I started this blog with the intention of writing about a range of topics. I guess I always knew advertising and marketing would dominate, but I also envisaged lengthy discursions on clothes and music. But these have rather fallen by the wayside. I’d like to remedy this, and beg your indulgence.
Because I’m hopelessly over-excited. I have my first guitar lesson on Saturday.
I’ve always admired the ability to play an instrument above all else. I regret enormously that I didn’t learn to play when I was young. My Mother taught singing and piano and so, in the way that children sometimes do, I actively avoided anything to do with music.

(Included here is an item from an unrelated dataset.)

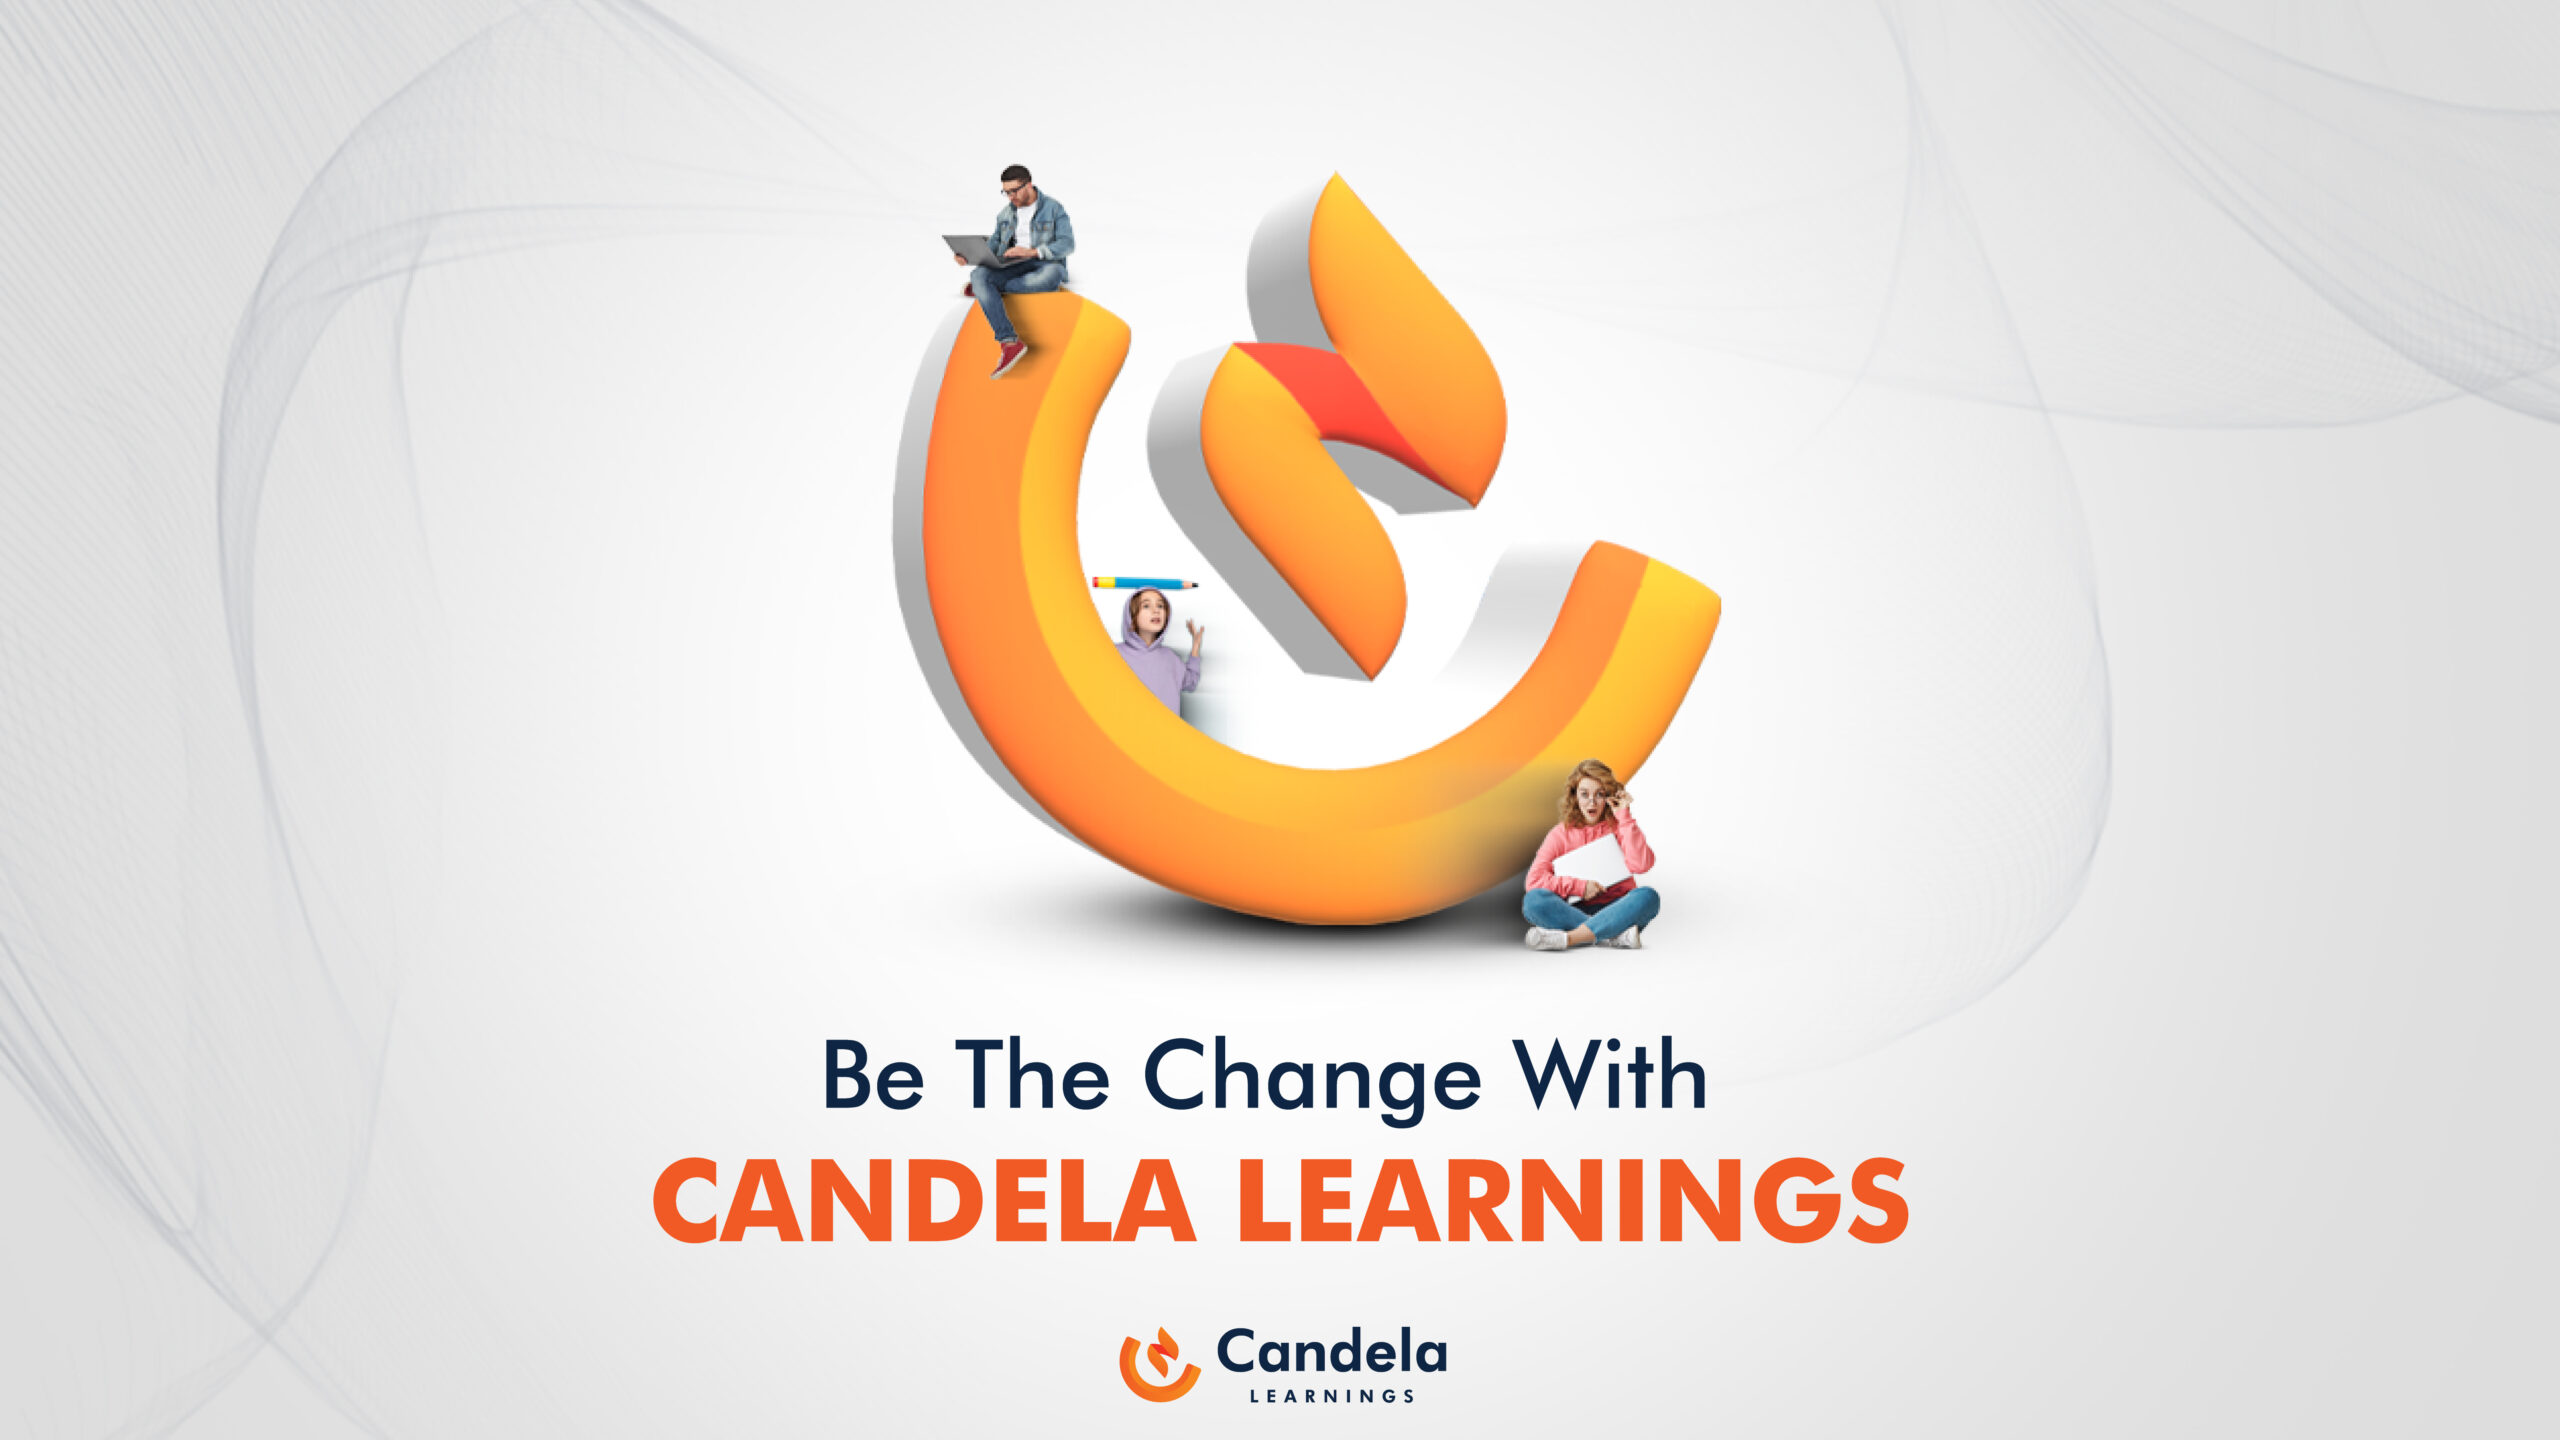 Be the change with candela learnings

But then I grew up and, in the way that adults always do, lamented that avoidance.
And then about the time I turned 18 I discovered John Prine, listened to ‘Sam Stone’ on his first live album and realised that the most perfect sound in the world comes from an acoustic guitar.
It feels quite daunting to learn to play. Partly this is because I’m an oldish man, and I’m painfully aware that learning new things at my age gets more difficult. Partly it’s because I know that I’m going to really love it and that I’ll have to accept that I’ve lived 20 wasted years in which I should have been playing guitar, More than that, I fear that I’m going to realise that I’ve been doing the wrong thing all along.
My son is musical, just like my Mother. He sings when he should talk and dances when he should walk. I love that the link to someone he never met is so obvious and that something that was such an important part of my family feels like it might be reprised.
So I’m guilty, like every parent, of projecting on my children’s behalf. I do imagine the interview in Word Magazine, 20 years from now, when he talks of how he grew up in a household listening to Steve Earle, Danny George Wilson, Teddy Thompson and Emmylou Harris and that he started playing guitar early, then started writing, that it was a short step from there to the Shepherd’s Bush Empire and that the song he enjoys playing the most is the one that his father wrote for him about the grandparents he never got to meet.
So he and I are learning to play the guitar together, starting Saturday. The nice people at the music school pointed out that in about a year he’ll be much better than I will, because where his fingers are nimble, mine are arthritic. But that’s OK, because I just want to be a part of the experience.
Because I’m betting that the most perfect sound in the world comes from an acoustic guitar played by my son.